То, что E.P. научился любить своих соседей, даже не сознавая, кто они такие, указывает на то, сколько наших привычных ежедневных действий управляется имплицитными ценностями и суждениями вне зависимости от декларативных воспоминаний. Мне интересно, что еще E.P. помнит благодаря привычкам. Какие еще недекларативные воспоминания продолжали менять его на протяжении 15 лет, прошедших с тех пор, как он лишился декларативной памяти? Само собой, у него должны остаться желания и страхи, эмоции и стремления — даже если его сознательное восприятие этих чувств настолько мимолетно, что он не может удержать их достаточно долго, чтобы облечь в слова.

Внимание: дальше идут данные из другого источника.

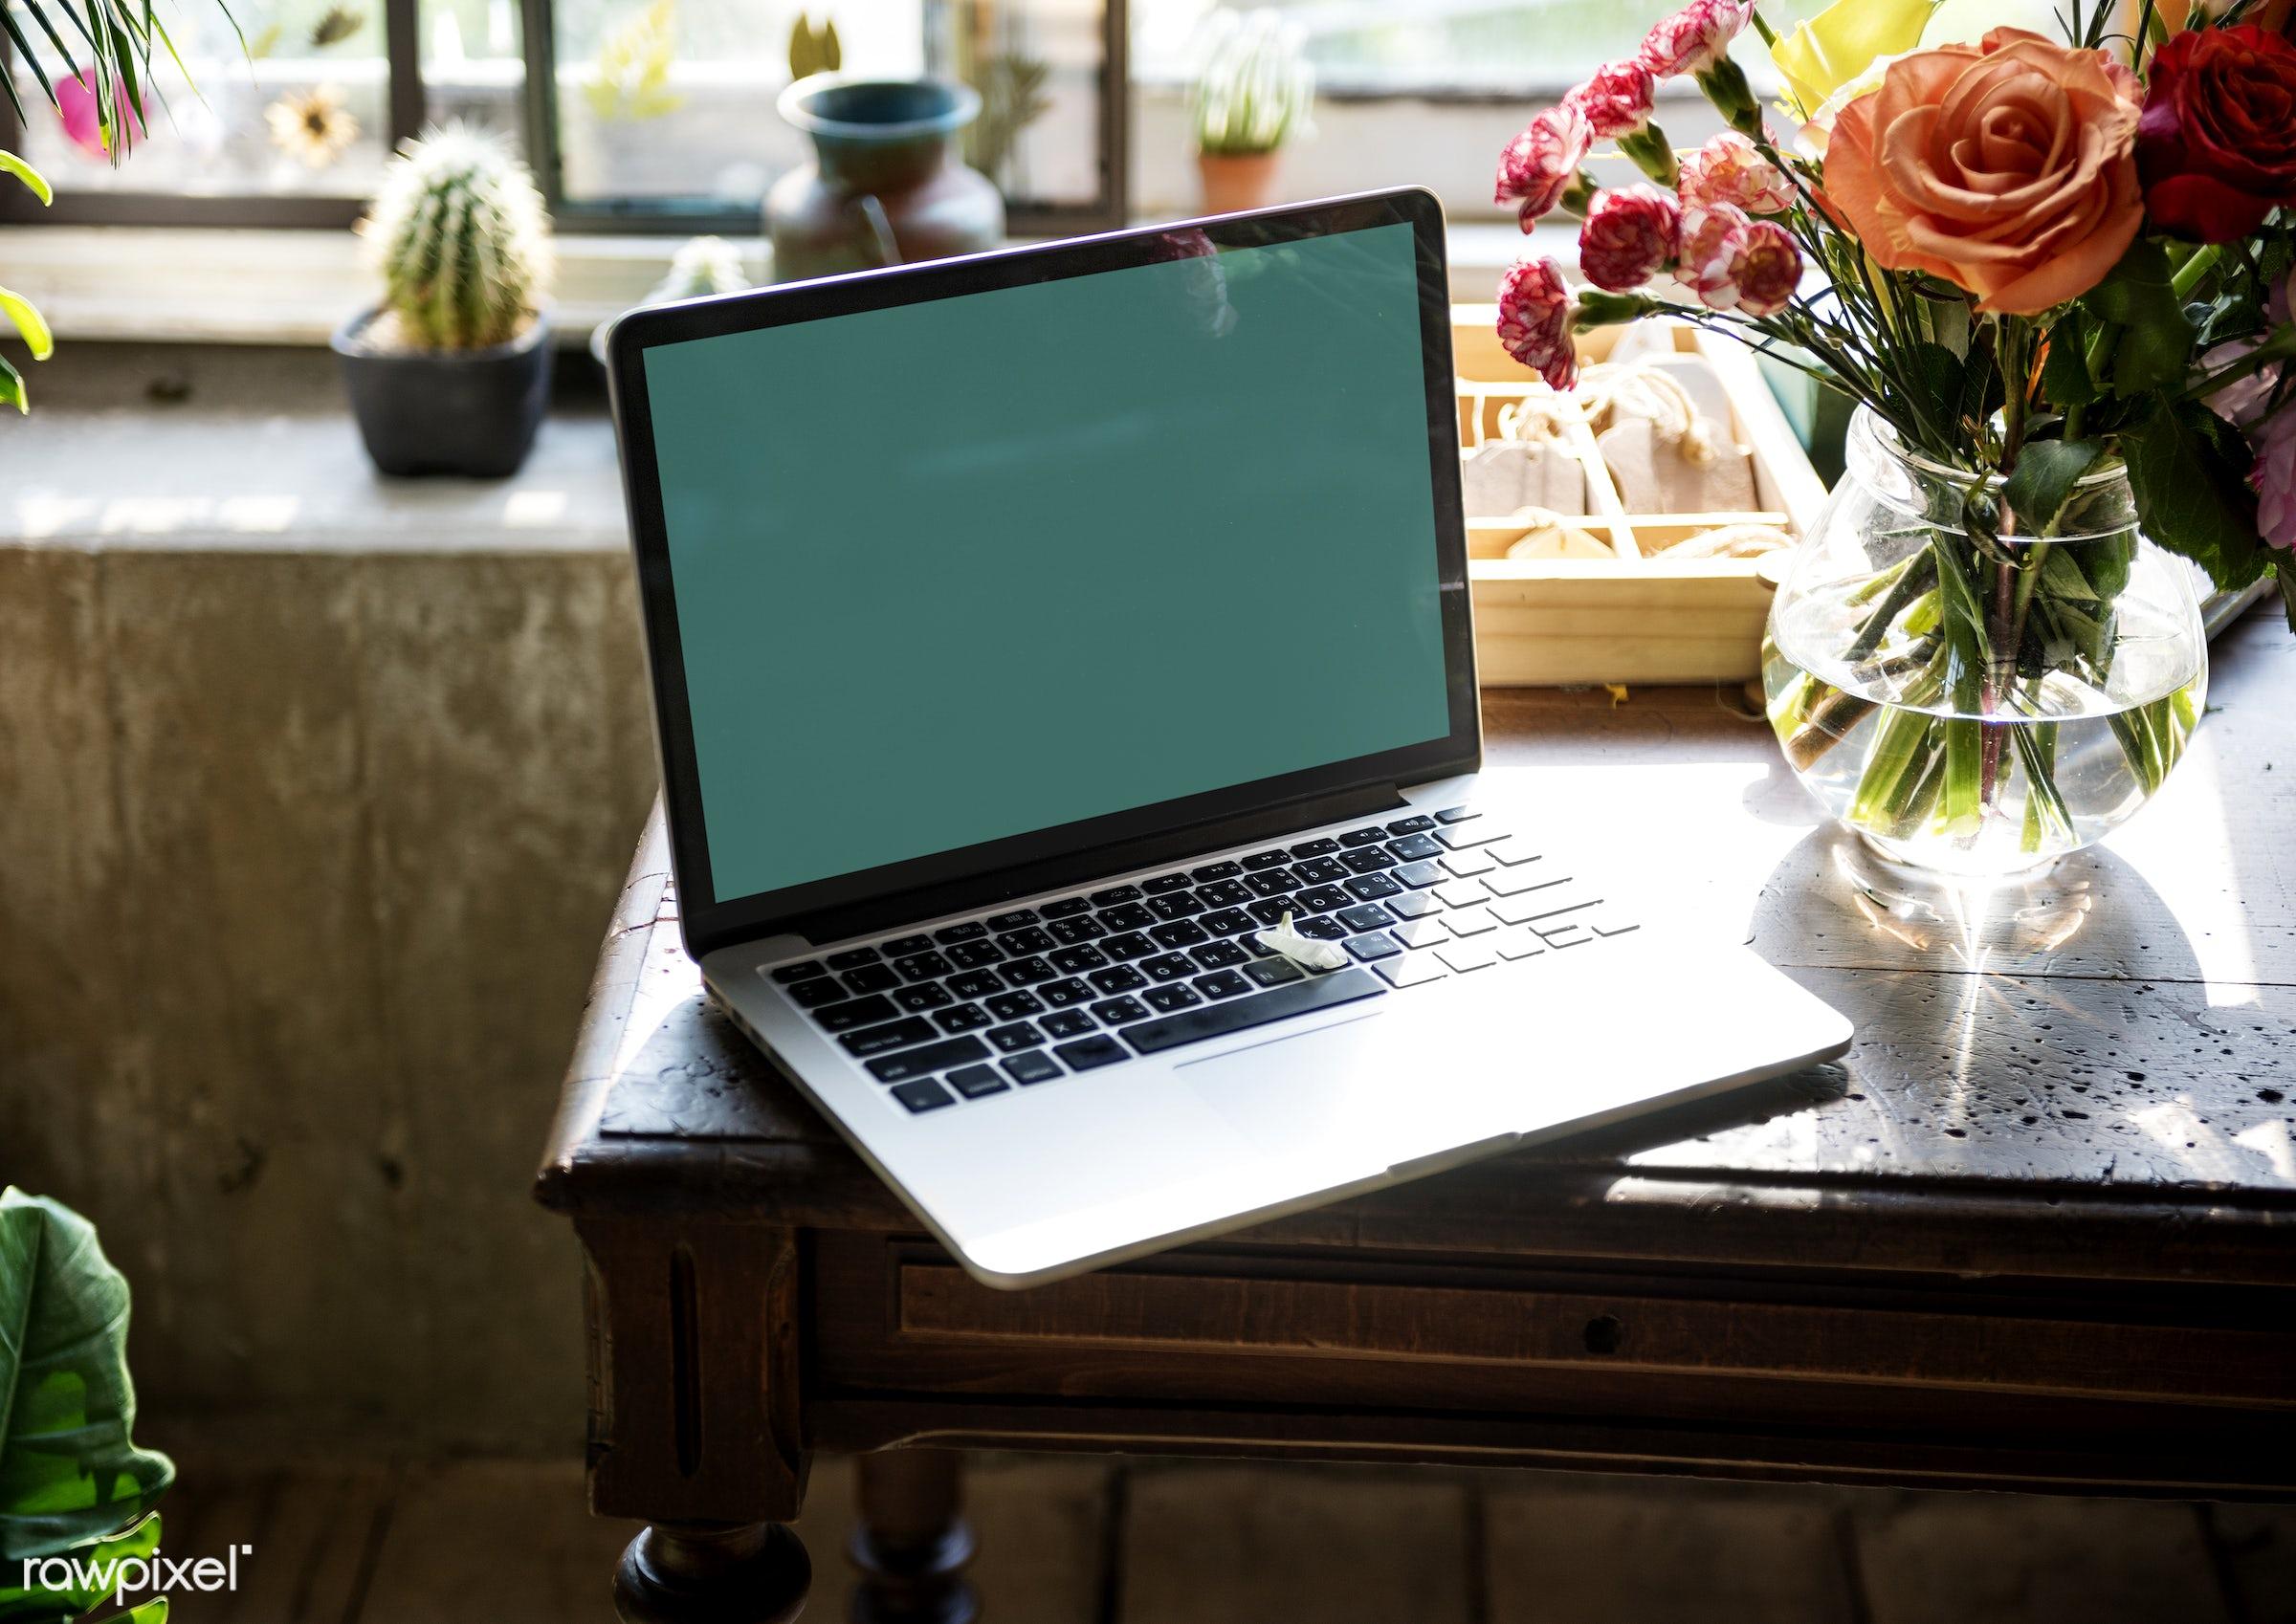 plant, copy space, technology, fresh, laptop, flower, blank, decoration, flora, refreshment, leisure, table, florist, rose,...

Я подумал о самом себе 15 лет назад и о том, как изменился за прошедшие годы. Я, каким был тогда, и я сегодняшний, поставленные плечом к плечу, внешне похожи друг на друга. Но мы — это совершенно разные собрания молекул, у нас разные объемы талии и количество волос на голове. Иногда кажется, что у нас нет ничего общего, кроме имени. Что связывает этого меня с тем, вторым, и что позволяет мне поддерживать иллюзию непрерывности развития от мгновения к мгновению, из года в год — это некое стабильное, но непрерывно эволюционирующее нечто, лежащее в основе моего существа. Назовите это душой, или самостью, или же побочным продуктом деятельности сети нейронов, но, как ни назови, этот элемент непрерывности в любом случае находится во власти памяти.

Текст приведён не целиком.